Girls That Never Die
Safia Elhillo
Penguin Random House, 2022
Review by Erin Wunker
“But what if I will not die/ What will govern me then?” These lines anchor the big, beating heart of Safia Elhillo’s most recent collection of poems. The book’s arterial system is organized with poems all entitled “Girls That Never Die,” and they employ a kind of blues refrain in their repetition and difference. These poems, which share the title of the book, weave around other poems of differing titles and styles. Together, they form a poetic organism that breathes reverence for Muslim women and girls.
Girls That Never Die is a dexterous example of a poet pushing the boundaries of language. The question, “But what if I will not die/ What will govern me then?” refuses the oppressive structures of patriarchy and serve as examples of the vital, difficult work happening in this book. There is no “inevitability” in Elhillo’s triumphant refiguring of the world for the subjects and stories in this work. Rather, there are women who hold each other’s lives and experiences, and in so doing, weave a different future built on something more expansive and life-giving than shame.
Elhillo is an award-winning author who works across literary genres. In addition to her first collection of poetry, The January Children, her second publication, Home is Not a Country, is a young adult novel written in verse. Girls That Never Die likewise employs tools that come from a wide range of literary cultures and traditions including orality, slam, the epic, and the projective. As a whole, the collection works to build a world that honours the experiences of Muslim girlhoods, difficult family histories, and the multiple cultures of violence perpetrated against women. Although the poems themselves address excruciating experiences, each line works to cradle those experiences gently. The effect, much like the epigraph that opens this review, is one of respect and refusal.
Reverence is offered to the stories gathered in these poems where “in memory, we are a single organism.” The poet, often appearing as a lyric “I,” endeavours respect and duty over and again while recognizing “& even if i am not tender i must tend.” In tending to the stories of many, Elhillo’s Girls That Never Die creates an archive of memory in the same moment that it gestures towards a collective future for the women in its pages. The collection ends with another of the eponymous poems. Here, a girl is rescued from stoning by myriad birds who come and carry the stones away: “& the minutes pass & the girl is untouched/ & each bird in its beak tongues a stone.”

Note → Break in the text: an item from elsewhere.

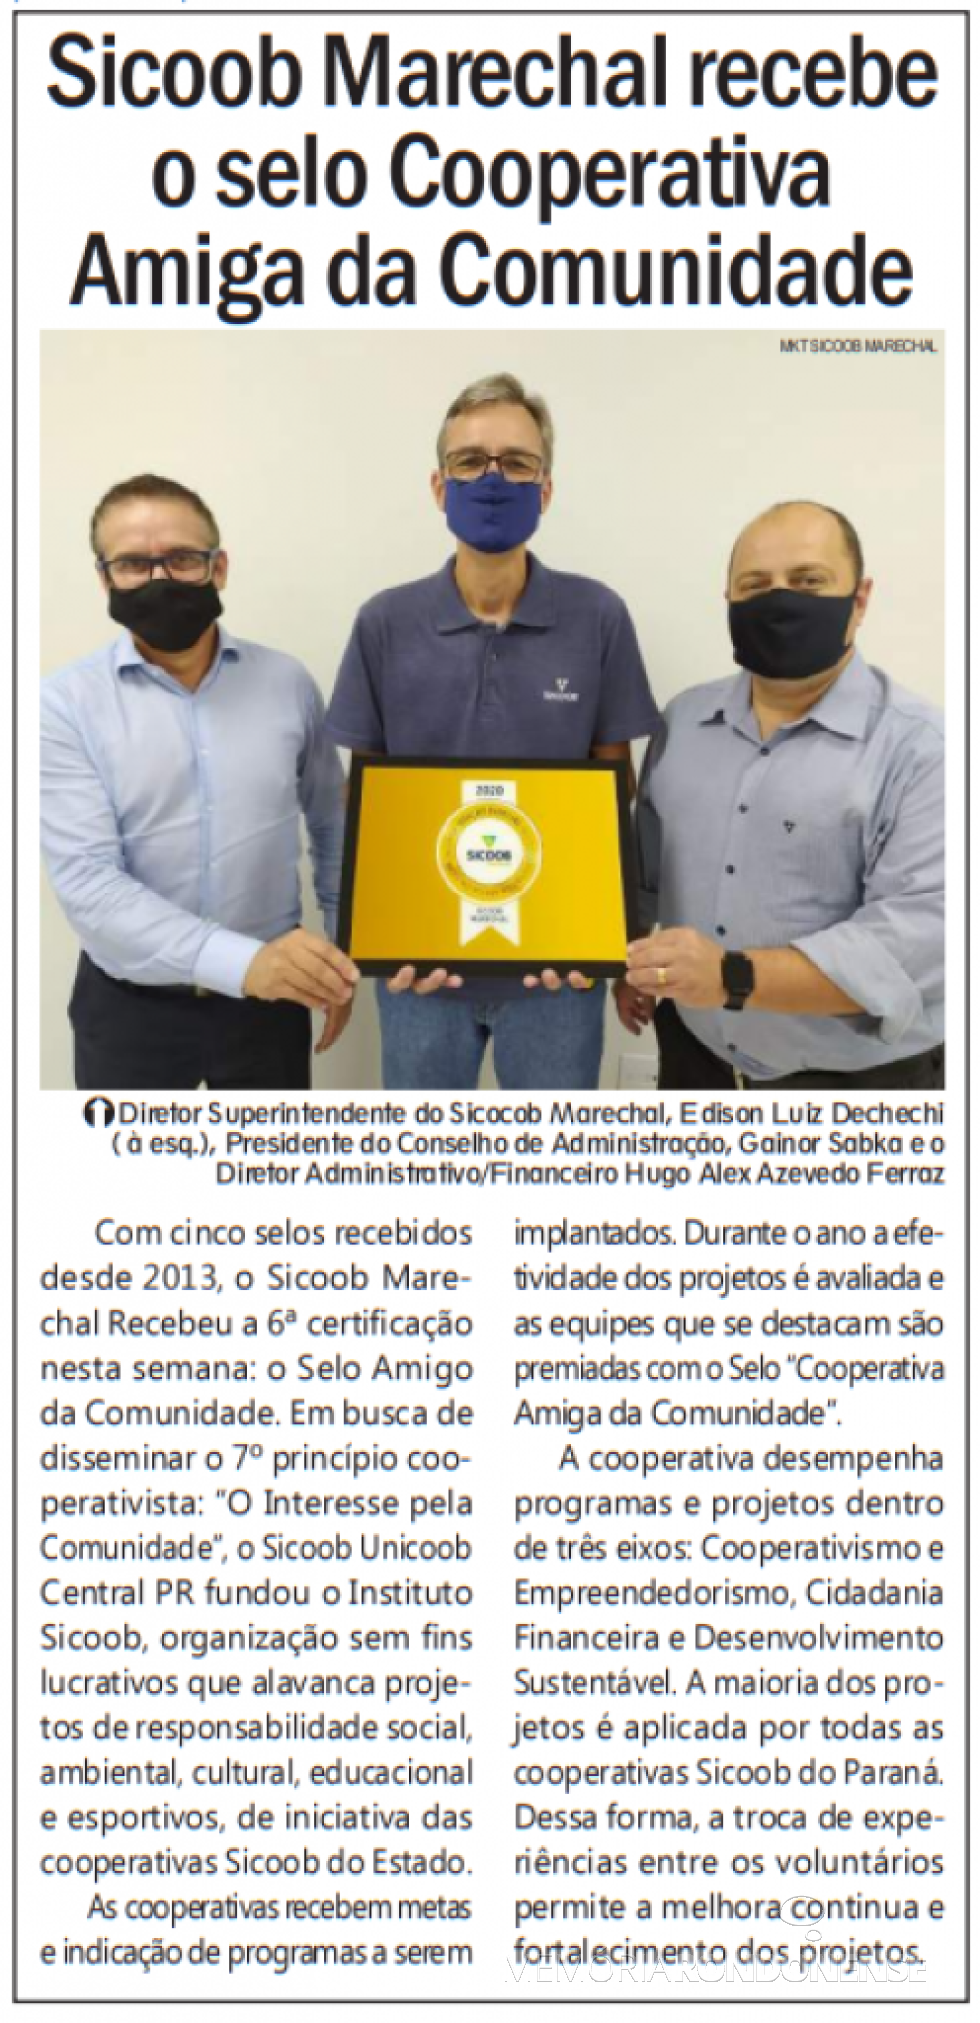 || Destaque do jornal rondonense Tribuna do Oeste sobre o selo Cooperativa Amiga da Comunidade concedido ao SIcoob Marechal,  em janeiro de 2021.
Imagem: Acervo do periódico - FOTO 40 -

In Elhillo’s poetic landscape, girls are protected by birds, by story, by memory, and by the reverence of the poet. Like the repetition of poems that share the book’s title, Elhillo employs the ampersand, line break, and negative space to refigure the page as a sacred horizon for these girls and women to meet outside the boundaries of time. Here, women and girls care for one another. Here, Elhillo has forged a new line of flight and possibility.